Shell
The Schema Registry server may be deployed following the same steps as outlined on the quickstart page. There are no additional configuration options required beyond deploying the microservices and configuring the credentials of the schema history database.
The Validator component of the Schema Registry is a single Docker image configured through a set of environment variables. The tables below cover the core configuration variables, outlining how the different combinations of producers and consumers can be configured.

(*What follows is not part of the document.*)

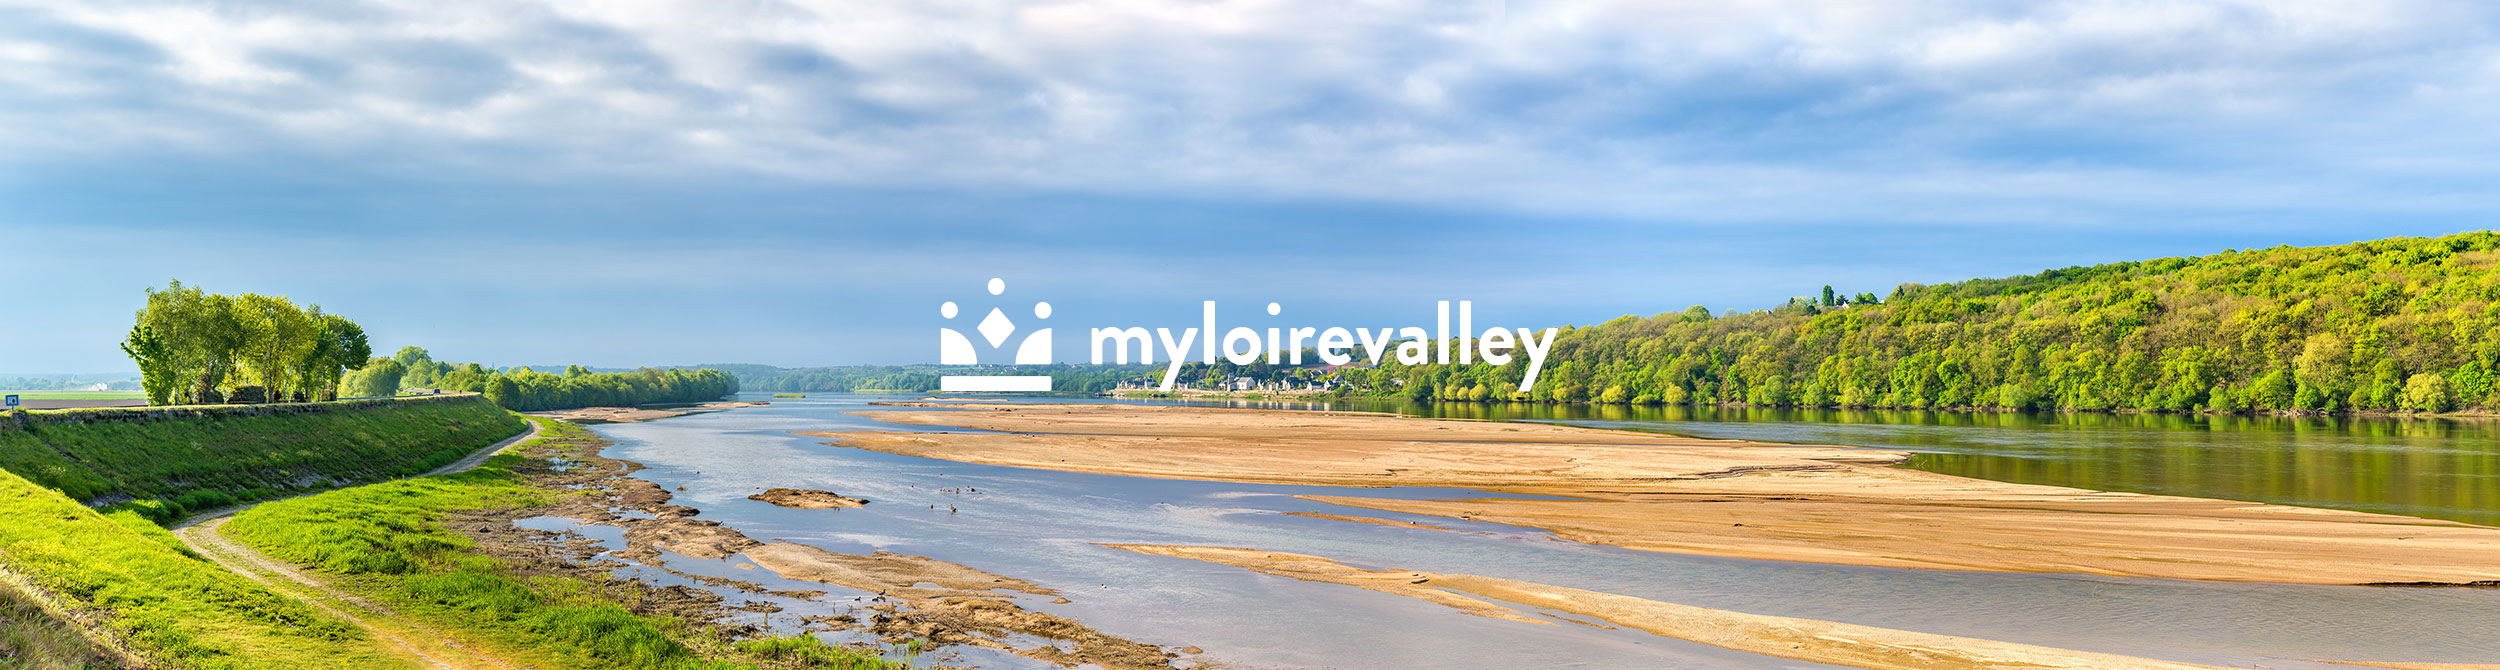 Vue de la vallée de la Loire avec logo My Loire Valley au centre.

The tables are organized by the message broker technology, listing which variables need to be set when pulling data from the given broker type and when publishing data to the given broker type. If, for instance, you wish to pull and validate data from Kafka and publish the results to GCP Pub/Sub, you would read the Consumer section from the Kafka tab, and then the Producer section of the GCP Pub/Sub tab.
NOTE: Values with the “*” sign in the following tables are required and need to be set!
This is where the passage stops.